• **THE TASK**
Your task is to repeat all of the data exactly while excluding the pictures.

[[ GIVEN MATERIAL, beginning ]]

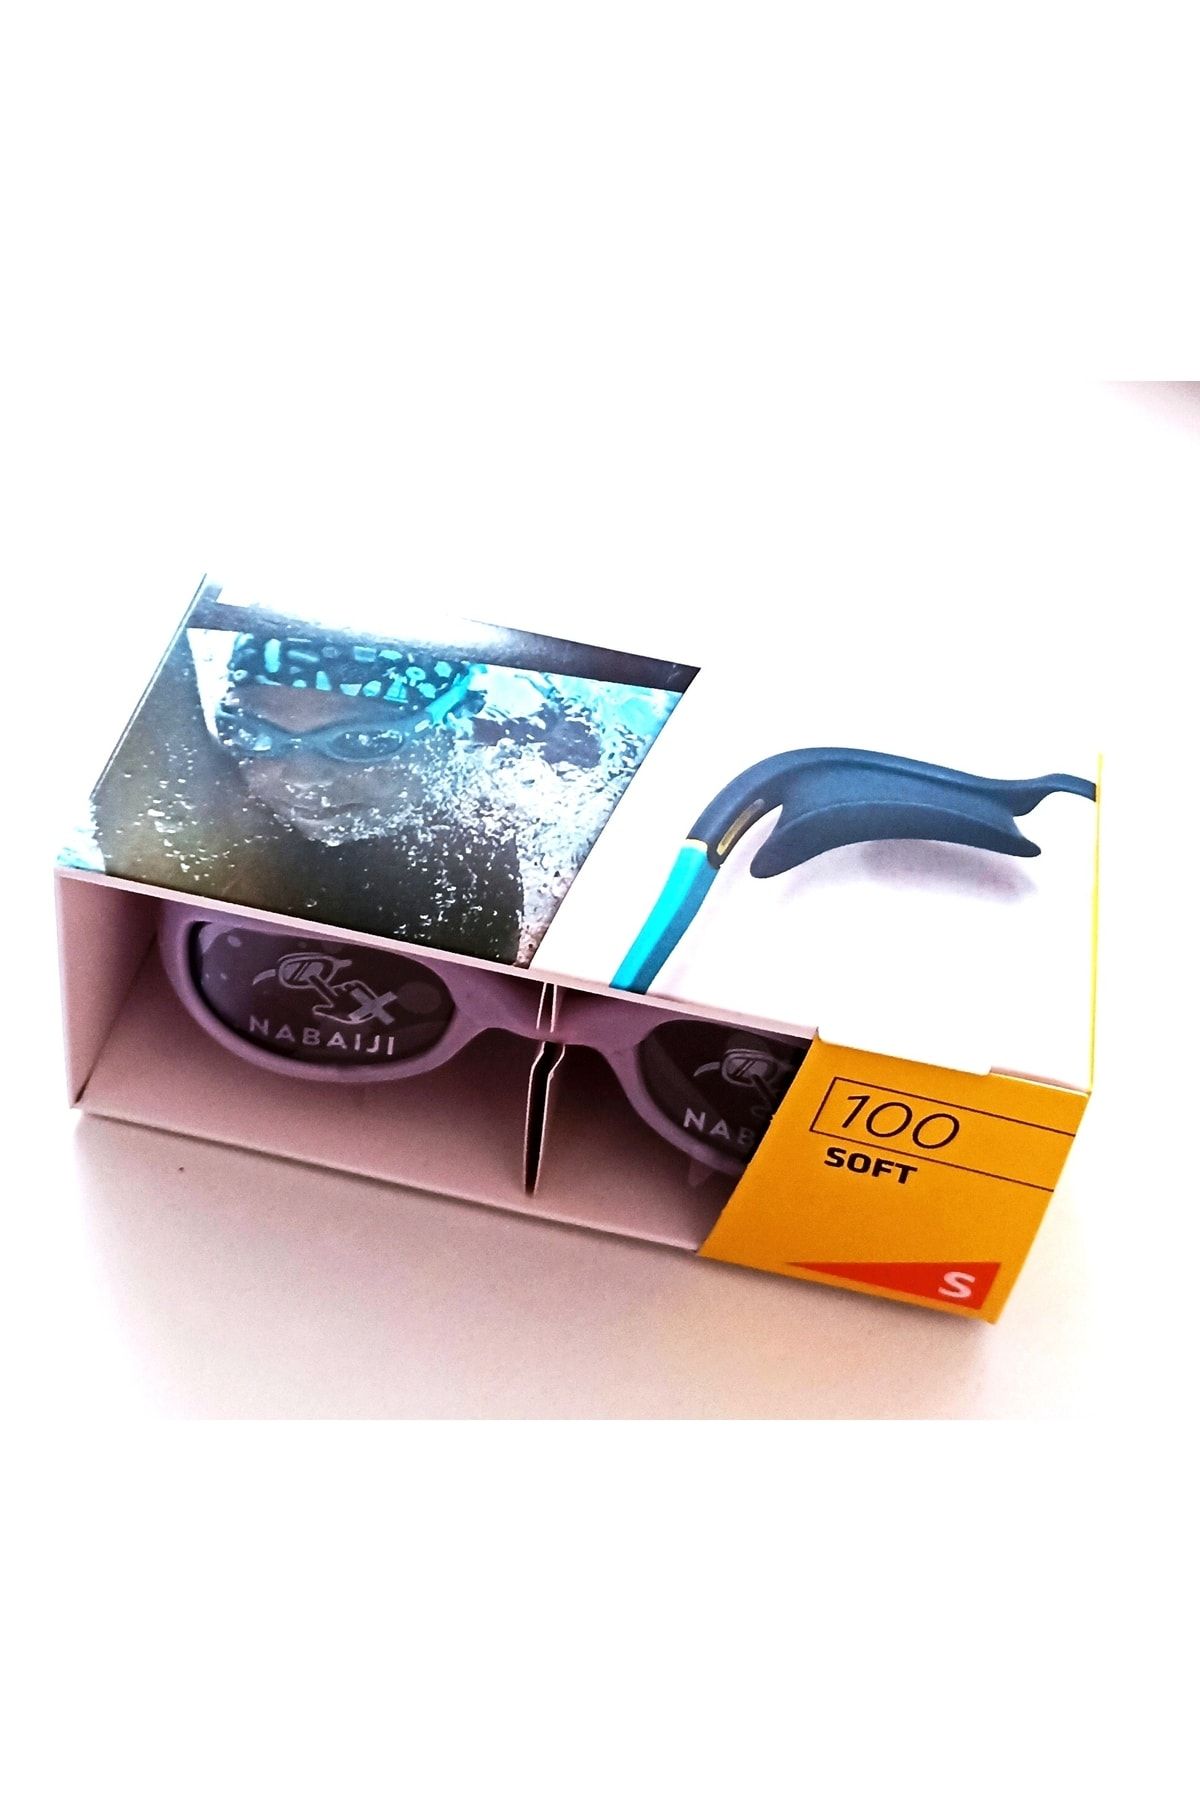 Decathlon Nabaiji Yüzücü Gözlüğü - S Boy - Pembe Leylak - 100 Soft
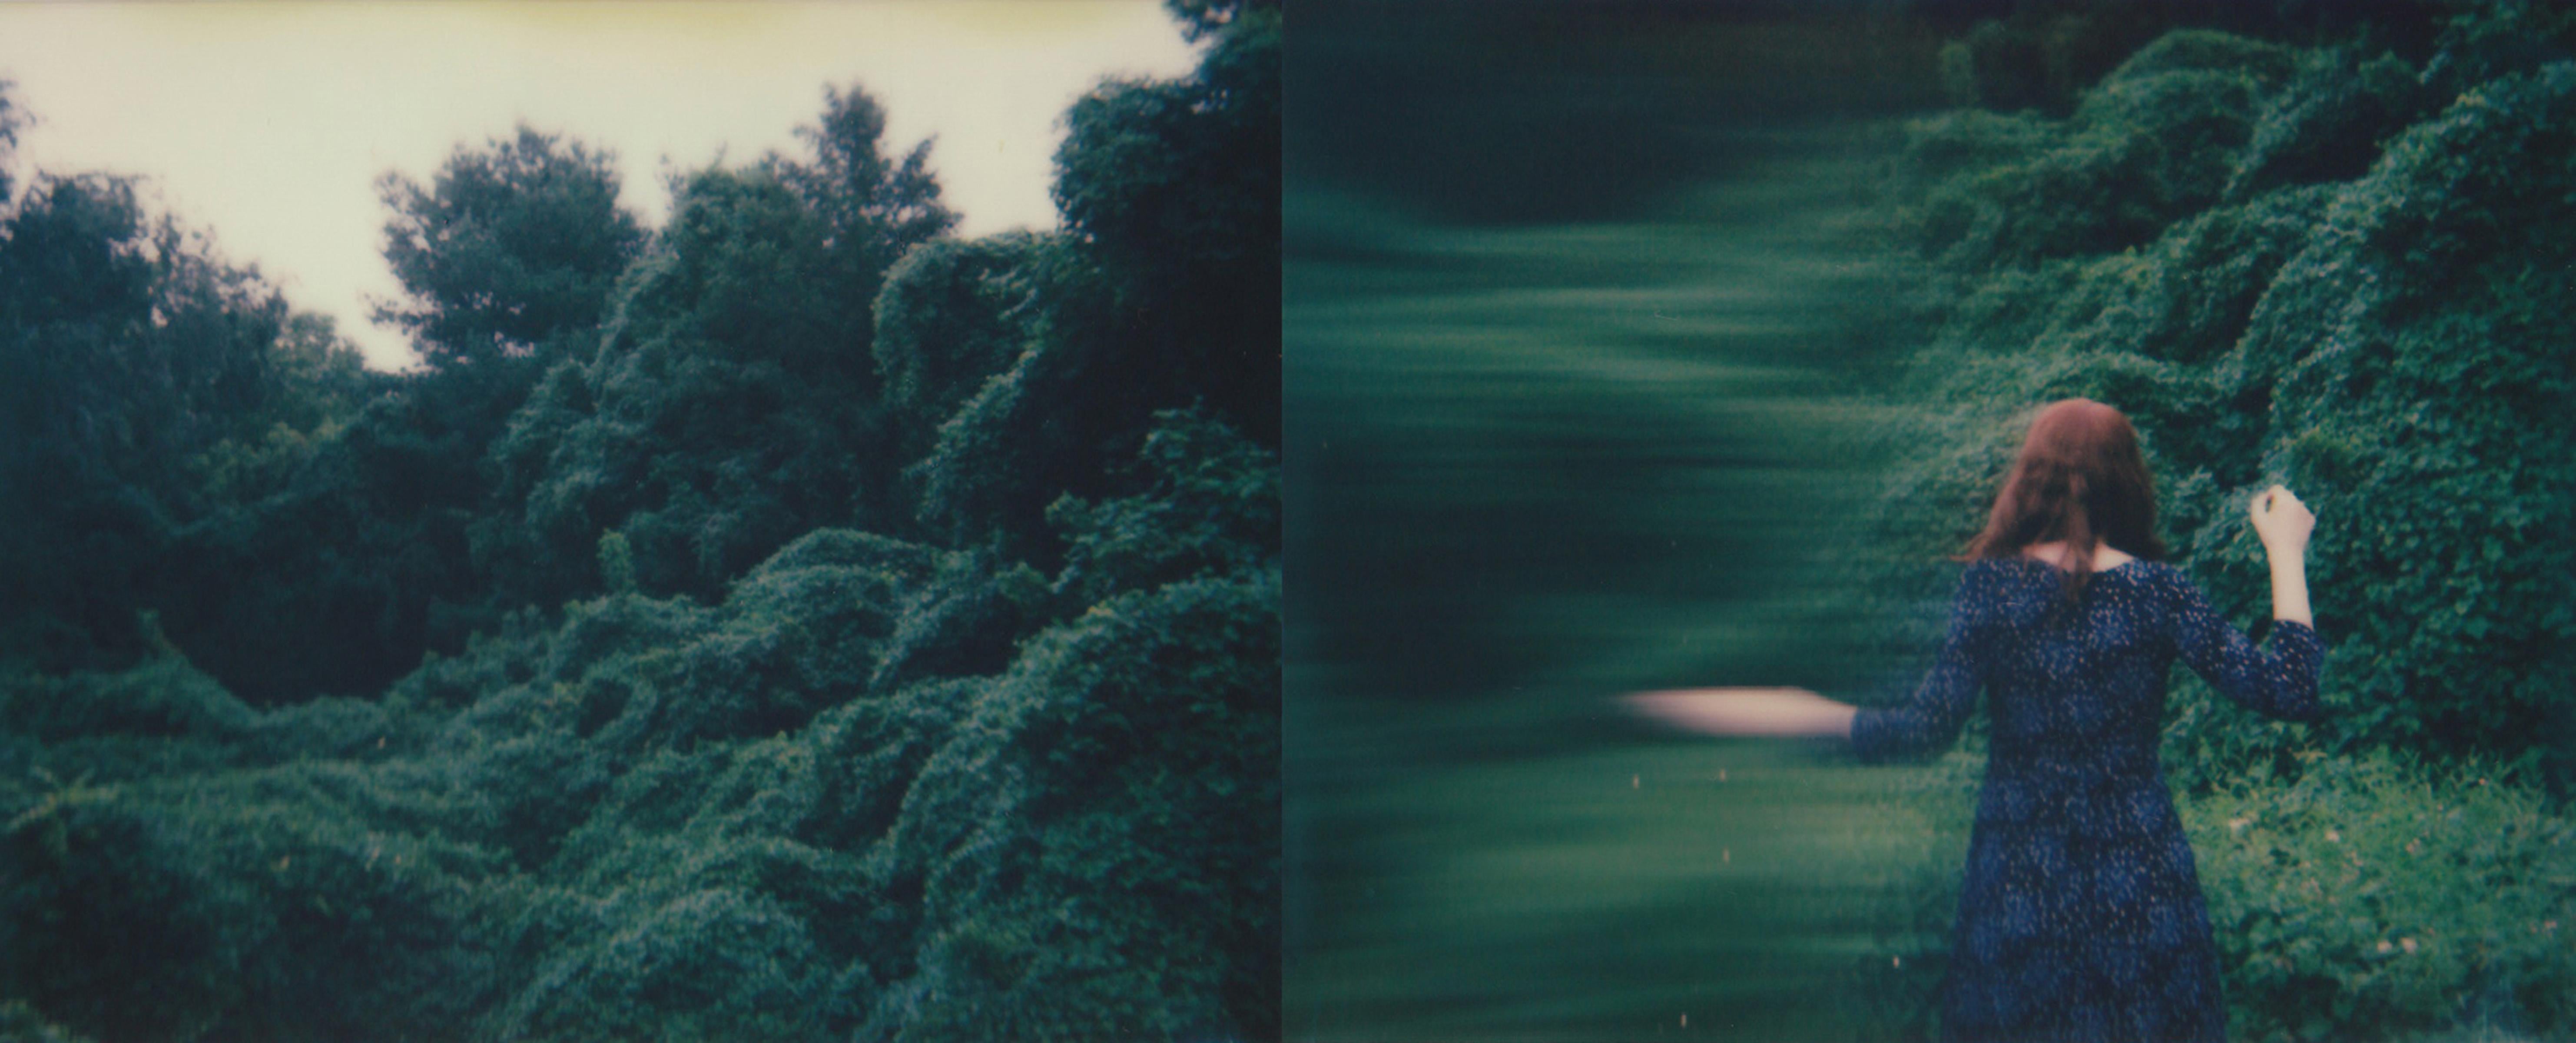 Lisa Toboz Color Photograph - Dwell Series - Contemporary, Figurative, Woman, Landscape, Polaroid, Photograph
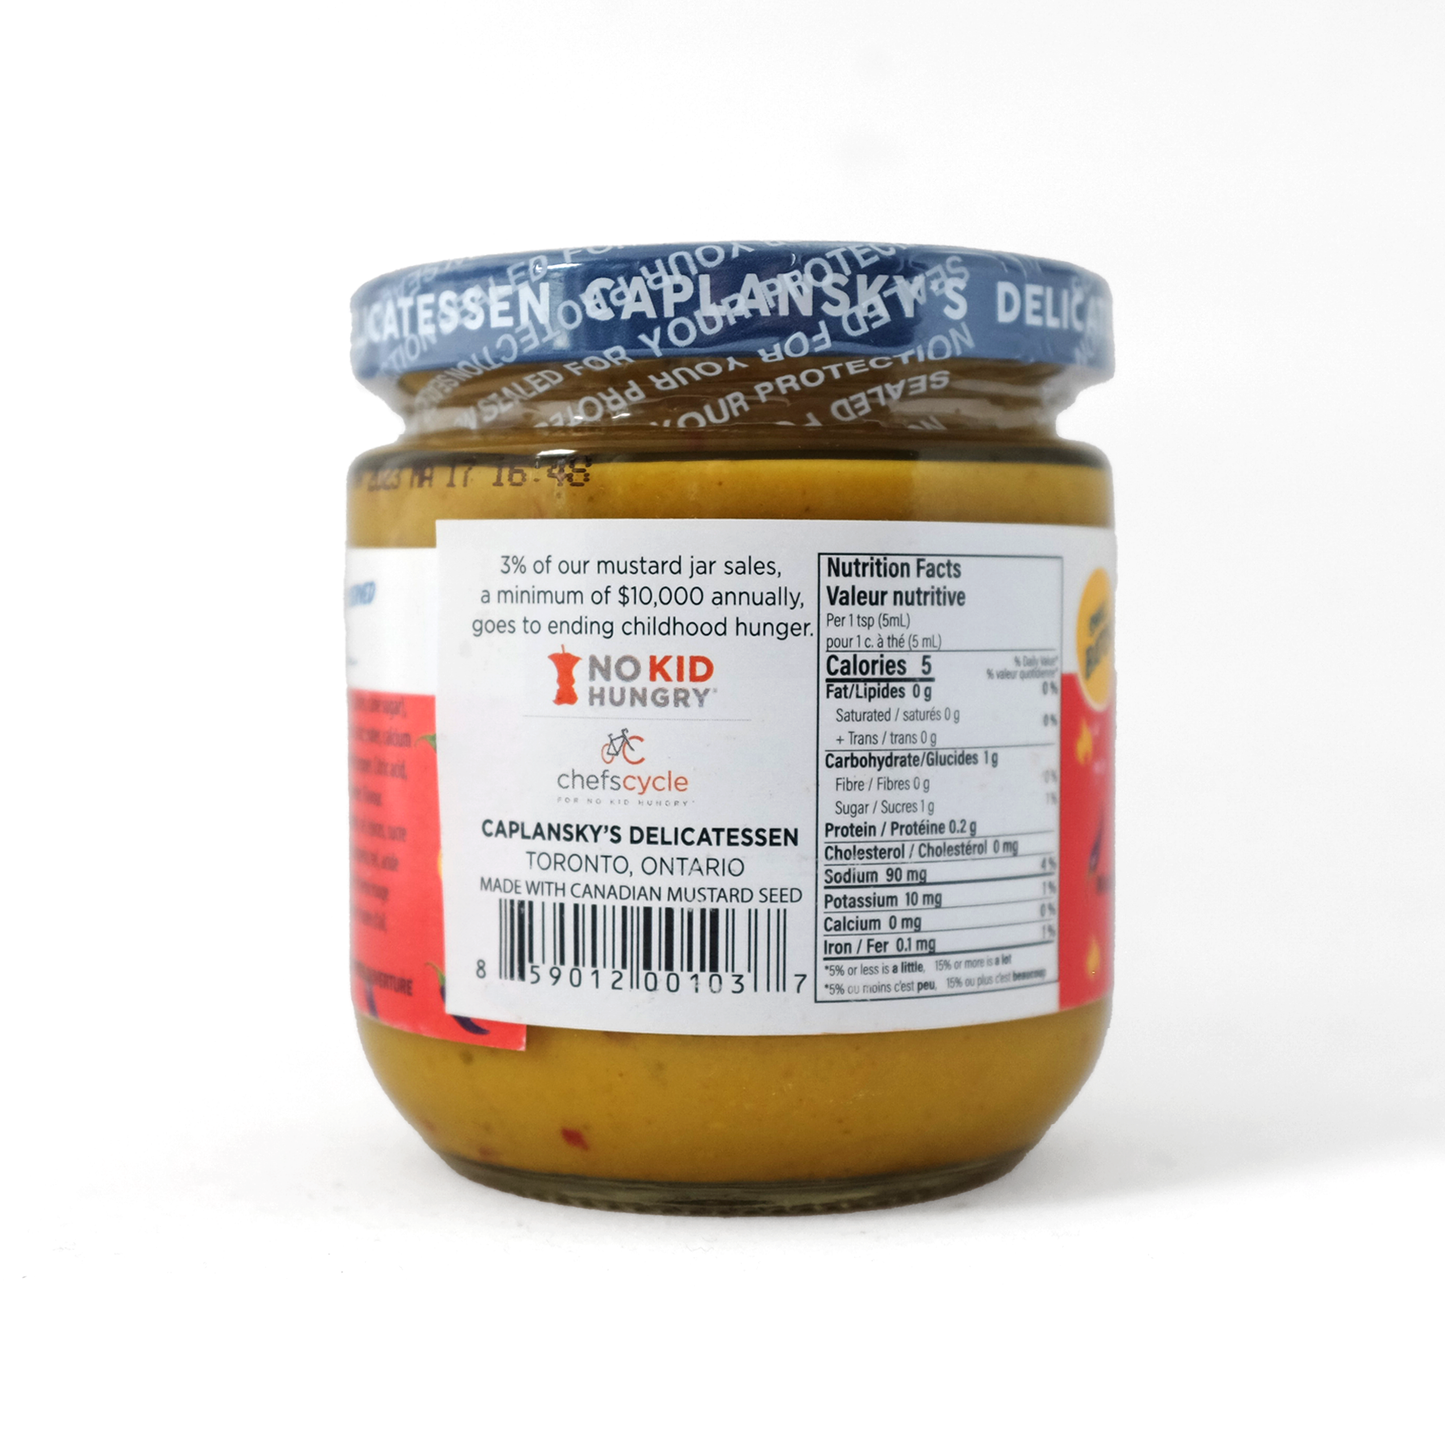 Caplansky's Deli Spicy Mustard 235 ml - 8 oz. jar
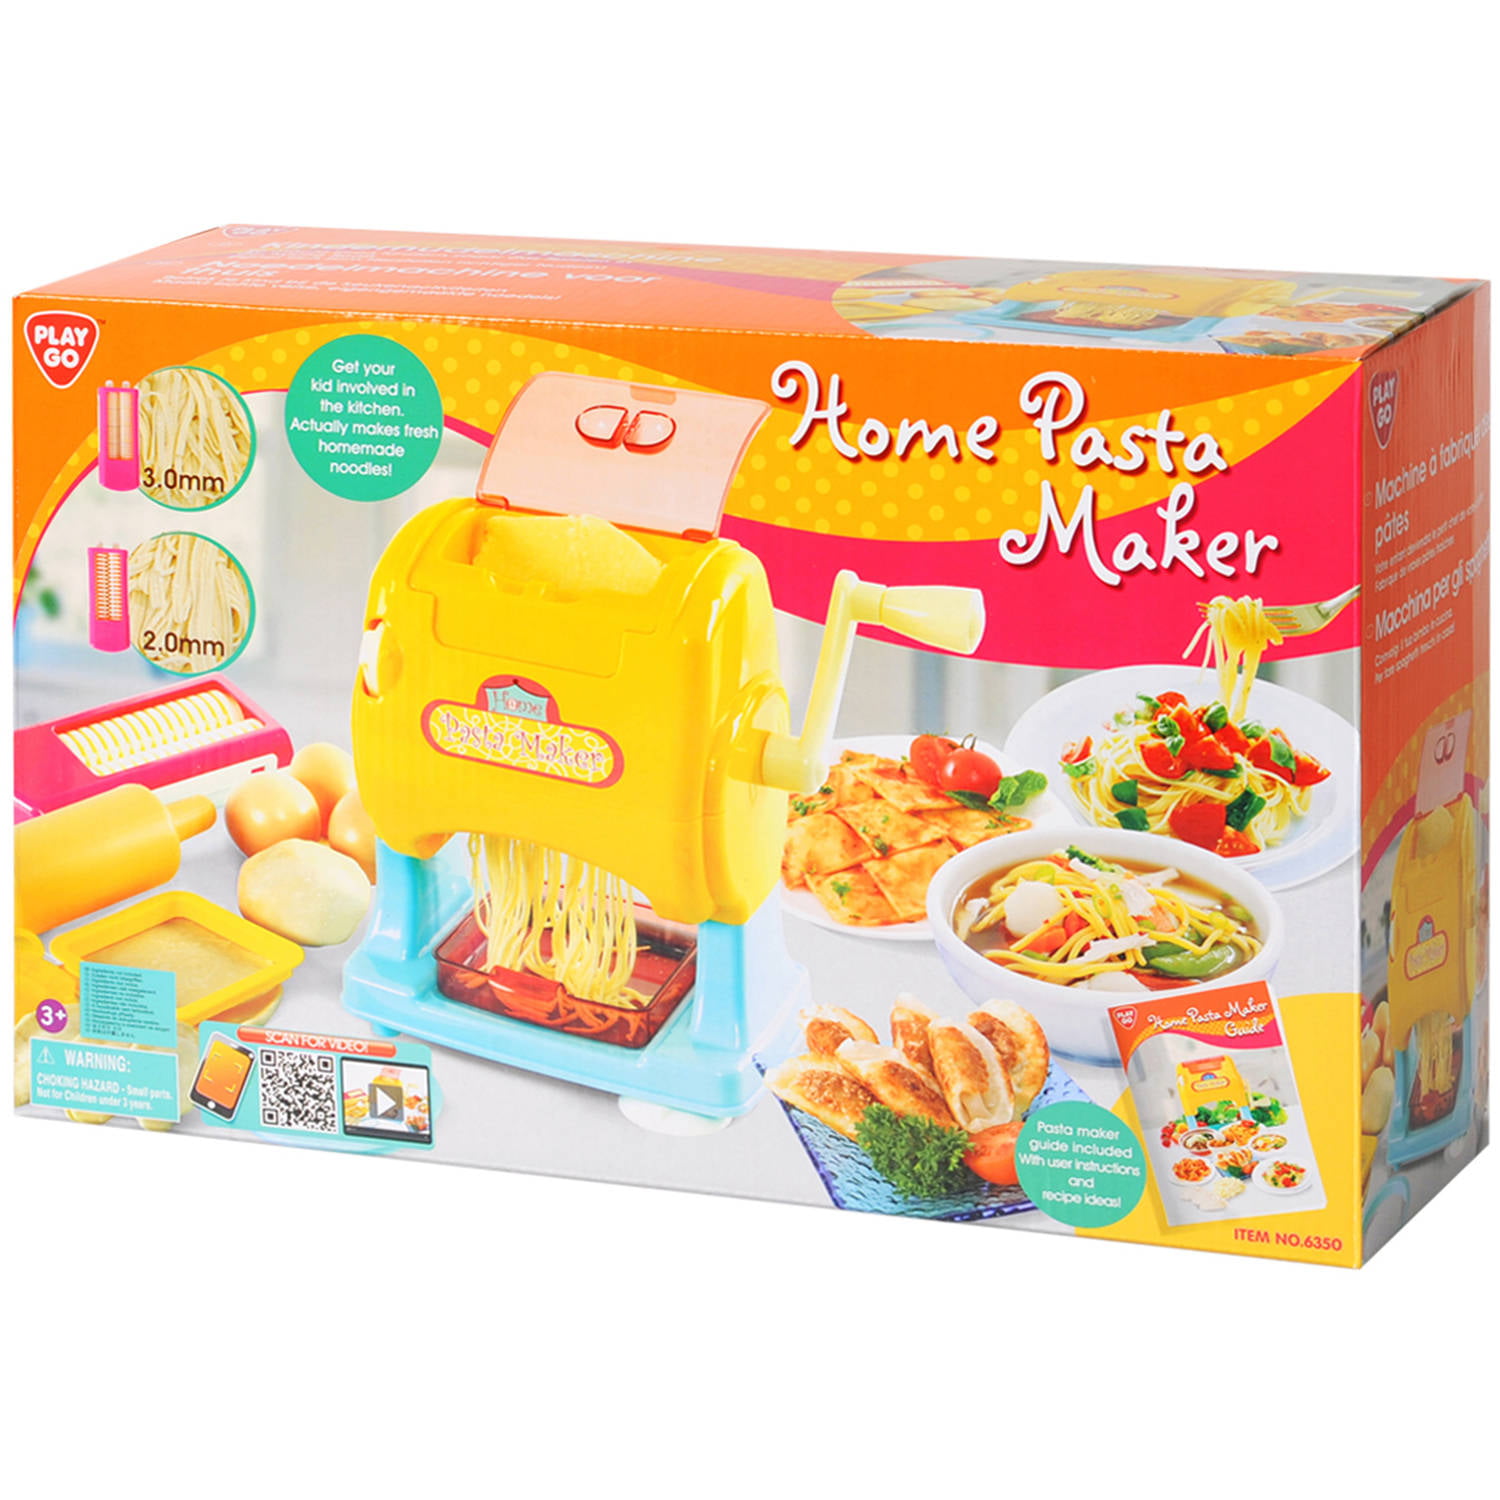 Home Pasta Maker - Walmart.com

[[ GIVEN MATERIAL, end ]]

• **ANSWER FOR THIS EXERCISE**
 Decathlon Nabaiji Yüzücü Gözlüğü - S Boy - Pembe Leylak - 100 Soft
 Lisa Toboz Color Photograph - Dwell Series - Contemporary, Figurative, Woman, Landscape, Polaroid, Photograph
 Caplansky's Deli Spicy Mustard 235 ml - 8 oz. jar
 Home Pasta Maker - Walmart.com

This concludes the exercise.